Monday, September 15, 2014

Les Miserables: Manga Classic

Les Miserables by Victor Hugo
Story adaptation by Crystal Silvermoon
English script by Stacy King
Art by Sun Neko Lee
Publisher UDON entertainment productions, with Morpheus Publishing Limited

Review copy supplied by Net Galley and the publishers

My thoughts:
Anytime classics are adapated into a manga, what I read it for is to see if the art and the adapted story are able to capture the essence of the original classic and still sell the story enough through the artwork and character development so that my middle readers feel like they want to attempt the original, even if it's later in their school life. 

Victor Hugo's story is just one tragedy after another and it takes a good 200 pages even in a manga before things start looking up, so this book for the first time reader of this work, who has not seen the 2012 musical, takes some commitment. If they use the title as a clue, then they will know that this is a tragedy. The cover shows a forlorn looking Cosette. Even with her big manga eyes, she looks worried. 

Cosette as the blonde Cinderella type is endearingly pitiful while her "benefactors," the Thenardiers are comically cruel so that is a selling point. Fantine, once she must shave her hair just made me think of Anne Hathaway with her equally large doe-like eyes so I almost wanted someone to start singing. That was a distraction, but it may just be because I read the original and saw several different film versions. 
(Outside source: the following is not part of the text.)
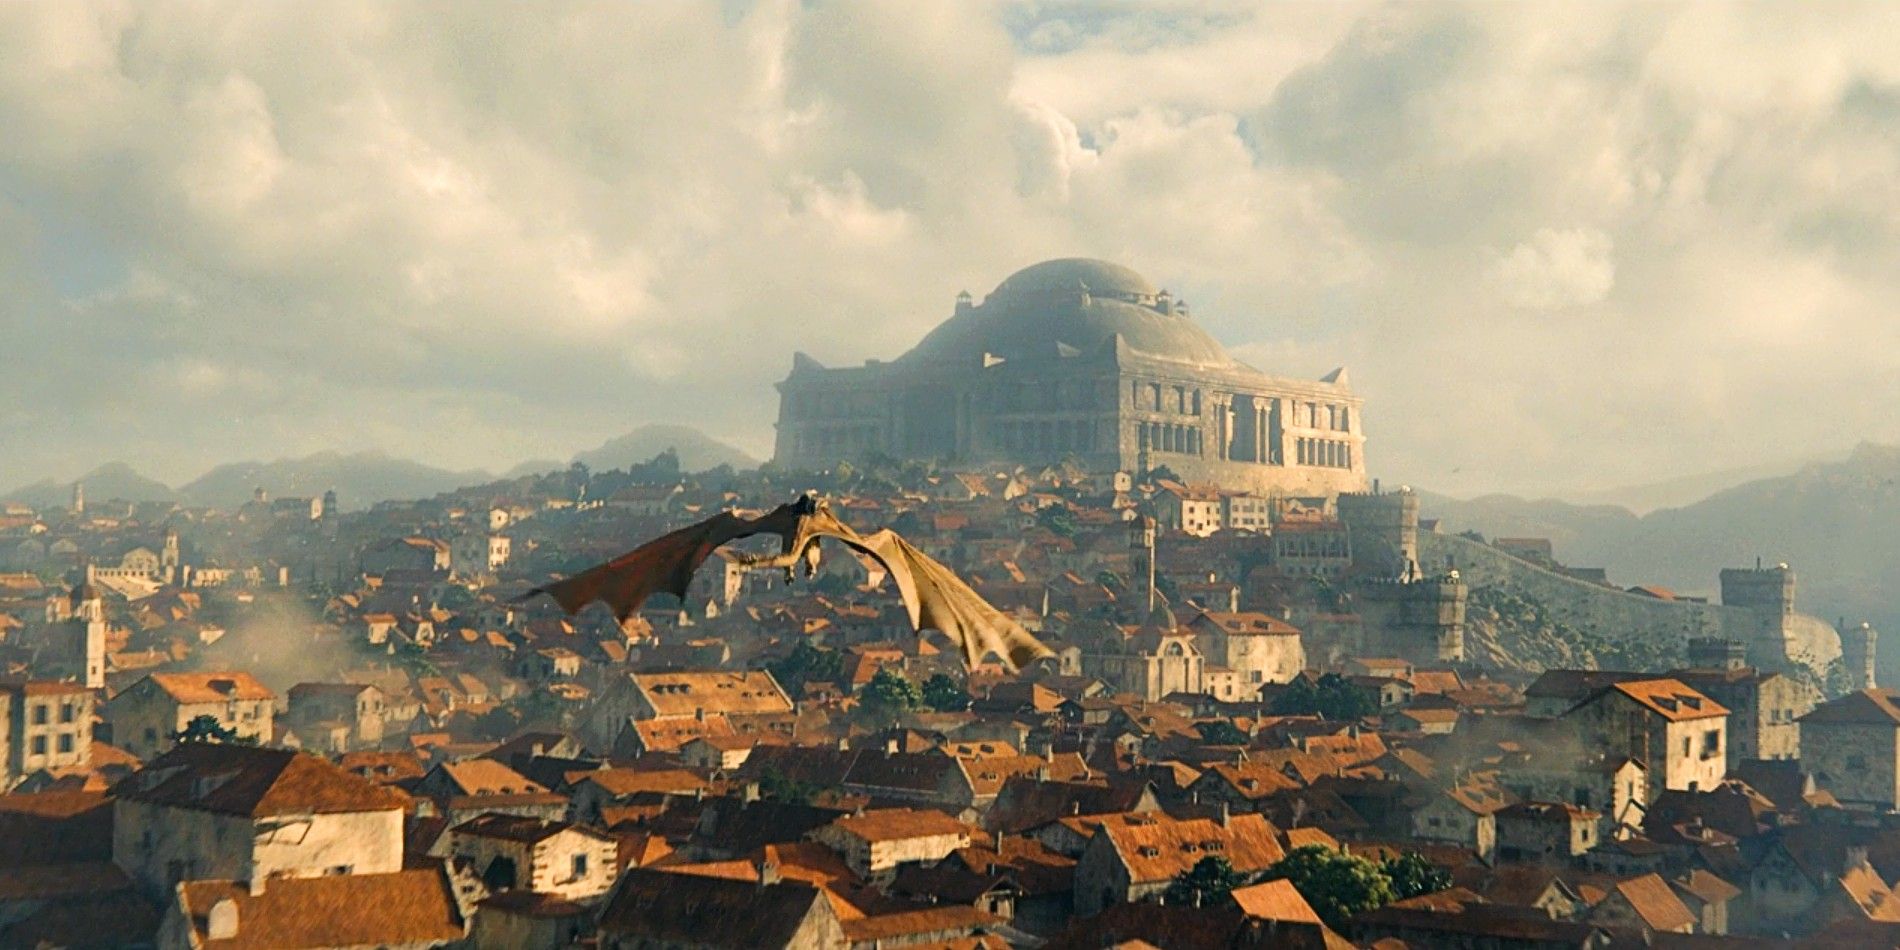 milly-alcock-as-young-rhaenyra-targaryen-on-the-back-of-syrax-in-house-of-the-dragon-with-a-backdrop-of-kings-landing.jpg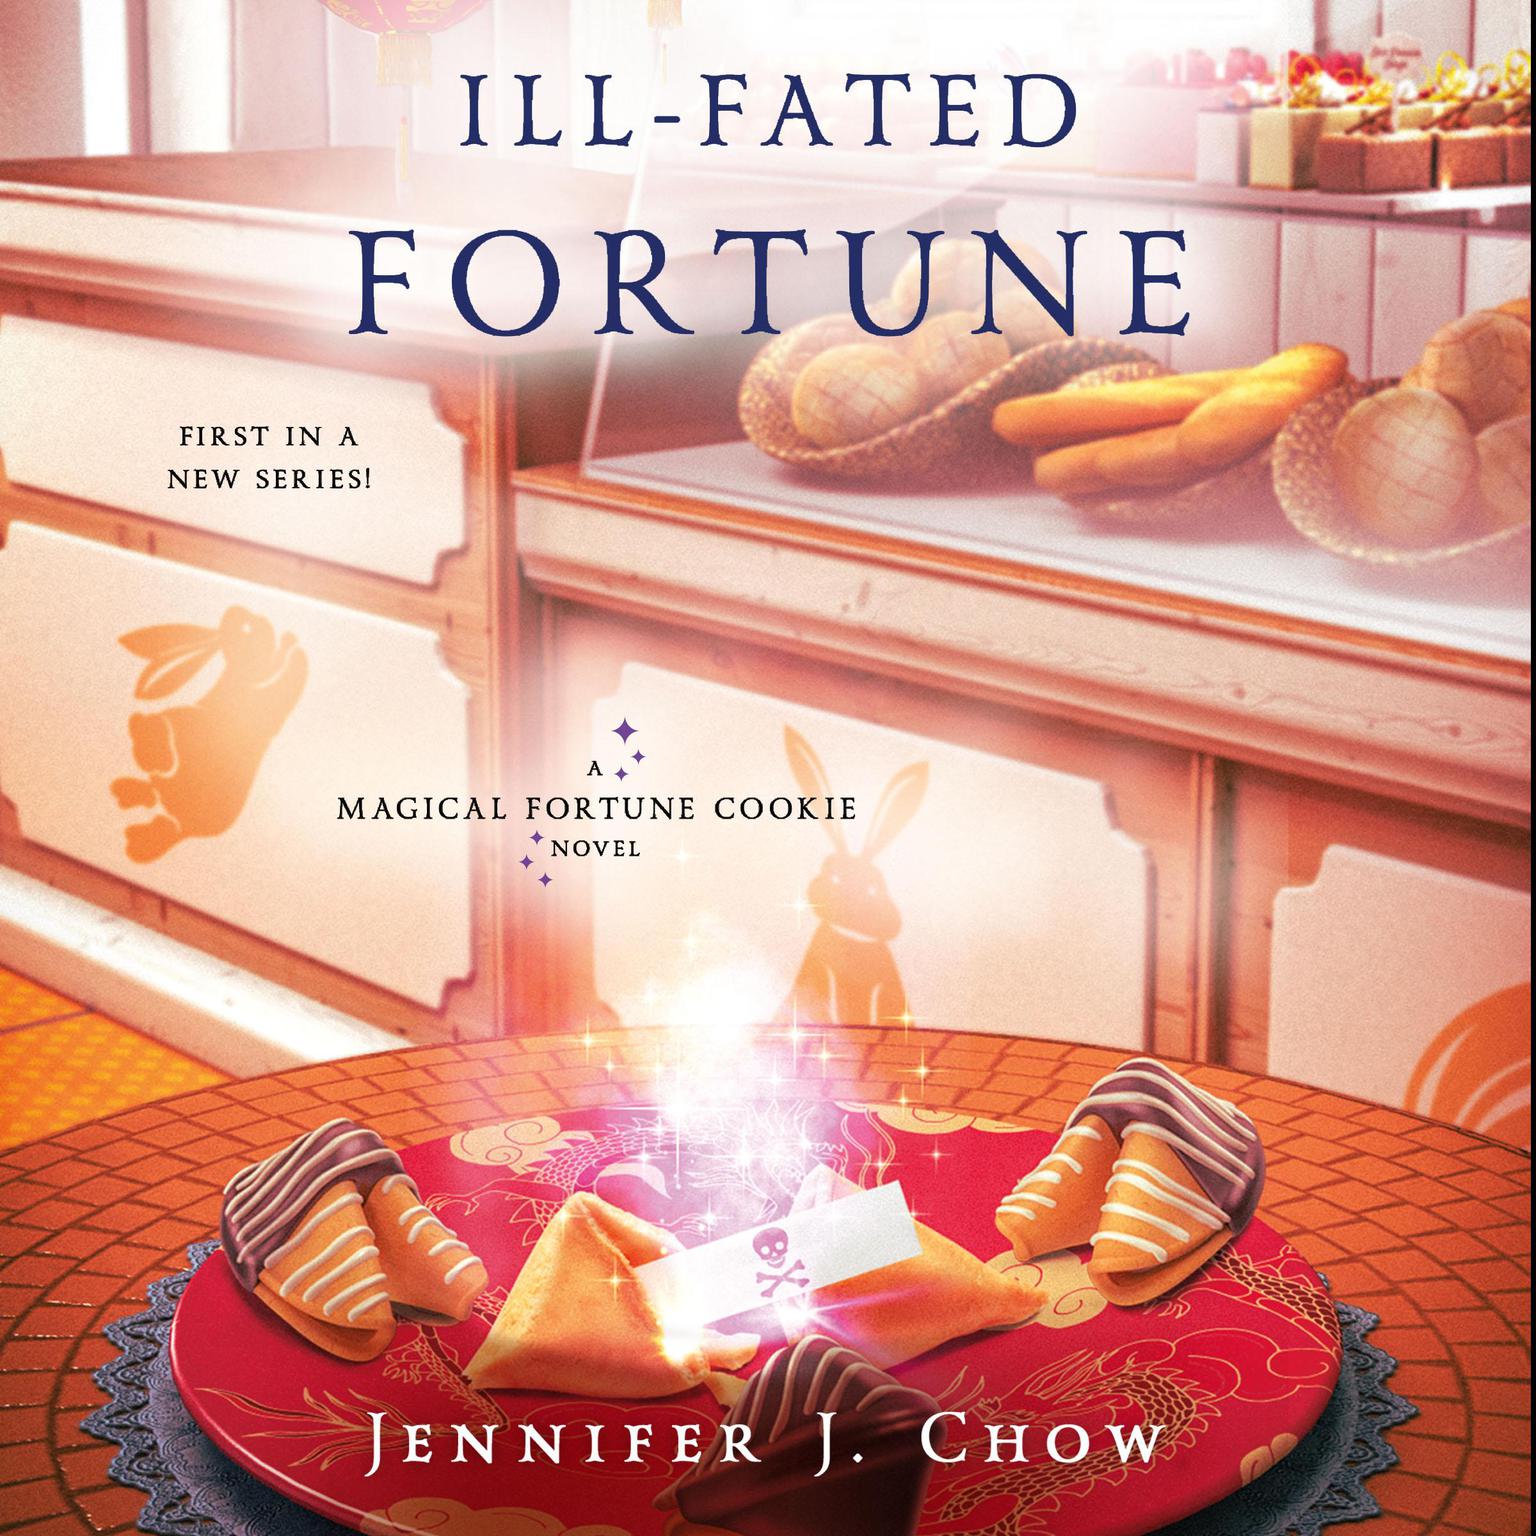 Ill-Fated Fortune Audiobook, by Jennifer J. Chow

Will this version sell students on reading the original? I think the biggest selling point is the romance between Cosette and Marius because of the way they are drawn, so the girls may like it, but I think the story line between Valjean and Javert is more powerful in the original story and that may appeal more to guys but this manga version doesn't build Valjean up enough or show enough of the action scenes.

Still, overall, it is a good starting place for this classic novel, and if students never read the Hugo version, they will at least understand the story enough to get the gist.